Codicia, moral e individualidad en nuestro cerebro
Ignacio Brusco


La codicia , explica la neurociencia, e s una conducta de deseo irrefrenable por el poder, el dinero o los bienes materiales. Tiene su raíz en los mismos circuitos cerebrales que regulan la recompensa y la adicción , activando estructuras como el estriado ventral y las áreas septales, donde se libera dopamina cada vez que se obtiene lo deseado.
En otras palabras, la acumulación no es solo un acto económico: es una forma de placer químico. Dinero y poder lo generan también.
Oxfam, una organización internacional que investiga la desigualdad global, señala que el 1 % más rico del mundo posee casi la mitad de la riqueza mundial, evidenciando una creciente concentración del poder económico.
El dato, tan brutal como real, no solo habla de economía: es una radiografía moral y neurobiológica del tiempo que habitamos. El cerebro humano, esa compleja red que articula deseo, empatía y control, parece debatirse entre la cooperación que nos permitió sobrevivir como especie y la codicia que amenaza con fracturar nuestras sociedades.
Cuando el poder apaga la empatía
El problema, sin embargo, es que el poder tiende a distorsionar la percepción moral. Estudios de la Universidad de California y de la Universidad de Lausana muestran que las personas con mayor poder suelen actuar con menos empatía y más riesgo.
Adam Galinsky, de la Universidad de Columbia, lo compara con un acelerador sin freno: impulsa la acción, pero si no se regula, lleva al exceso y al abuso. A largo plazo, el poder modifica incluso los niveles de testosterona y serotonina, reduciendo la sensibilidad a las normas sociales.

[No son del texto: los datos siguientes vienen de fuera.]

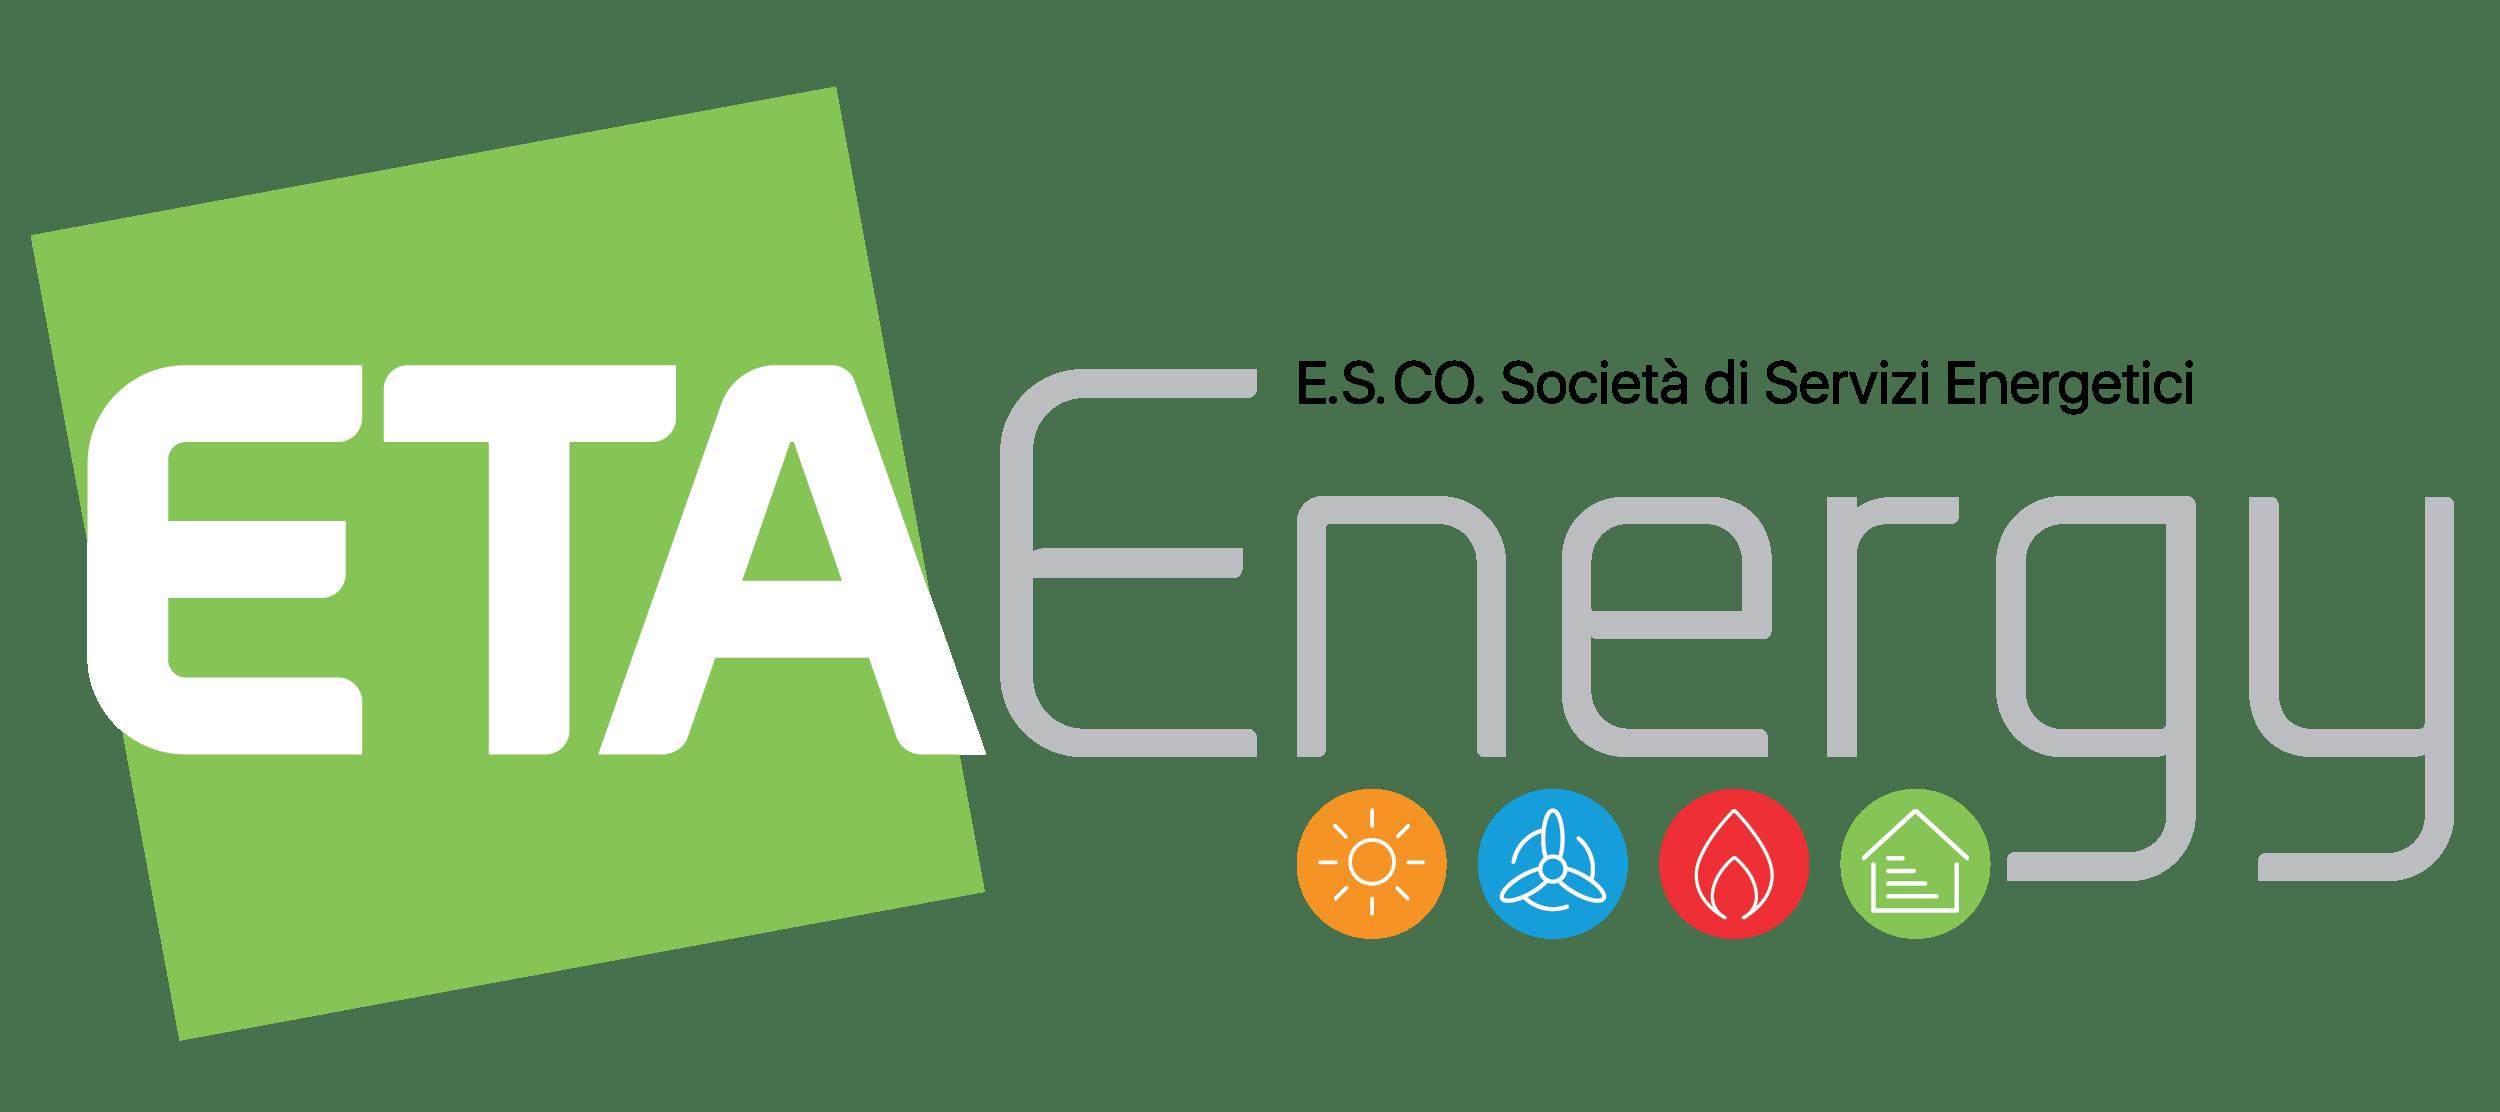 Eta Energy

En el plano social, estos procesos se reflejan en un fenómeno creciente: la asimetría entre quienes tienen y quienes no . Esta brecha no es solo una injusticia económica, sino también una expresión de desequilibrios cognitivos y culturales que atraviesan a toda la especie.

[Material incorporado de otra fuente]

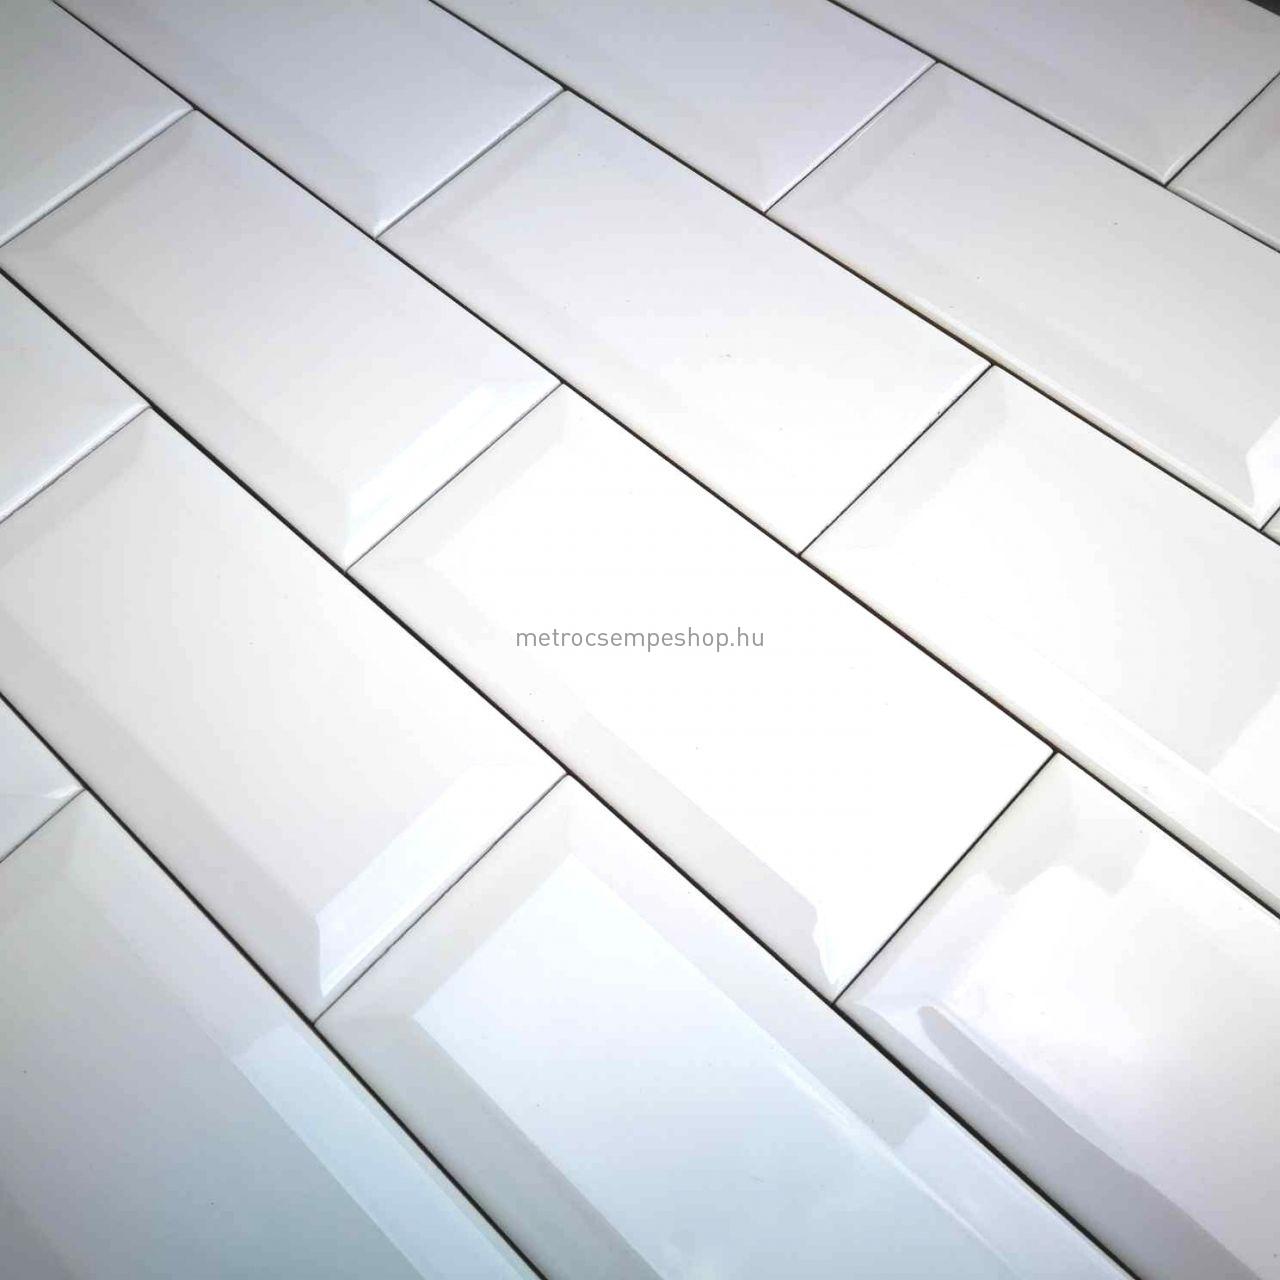 7,5x15 FEHÉR fényes fózolt metro CSEMPE

Las investigaciones neurobiológicas permiten comprender que la empatía y la cooperación no son invenciones morales, sino funciones cerebrales profundas. Experimentos con monos capuchinos demostraron que rechazan un trozo de pepino si observan que otro recibe una uva por el mismo trabajo: un acto de rebelión ante la desigualdad.
Los bonobos, por su parte, cooperan incluso con individuos de otros grupos, comparten alimentos y ayudan a quienes no poseen información. Su conducta sugiere que la justicia y la solidaridad tienen raíces evolutivas que compartimos con ellos.

La huella cerebral de la conciencia
En los humanos, estas conductas están mediadas por regiones como la corteza prefrontal ventromedial, que regula el juicio moral y la empatía. Cuando esta región se altera , ya sea por un trastorno o por la anestesia del poder, la capacidad de ponerse en el lugar del otro disminuye. De allí la afinidad entre la codicia y el narcisismo: dos expresiones de una empatía debilitada.

Pero el cerebro humano no es solo egoísmo. La cooperación, el altruismo y el sentido de justicia forman parte de la misma arquitectura neuronal. Robert Sapolsky, biólogo de Stanford, señala que cuanto mayor es el tamaño cerebral de una especie, mayor es su capacidad para formar sociedades complejas. El ser humano, con su cerebro de 1.400 gramos, fue capaz de crear cultura, lenguaje y tecnología, pero también de usarlos para someter o manipular. Esa dualidad es el precio de la conciencia.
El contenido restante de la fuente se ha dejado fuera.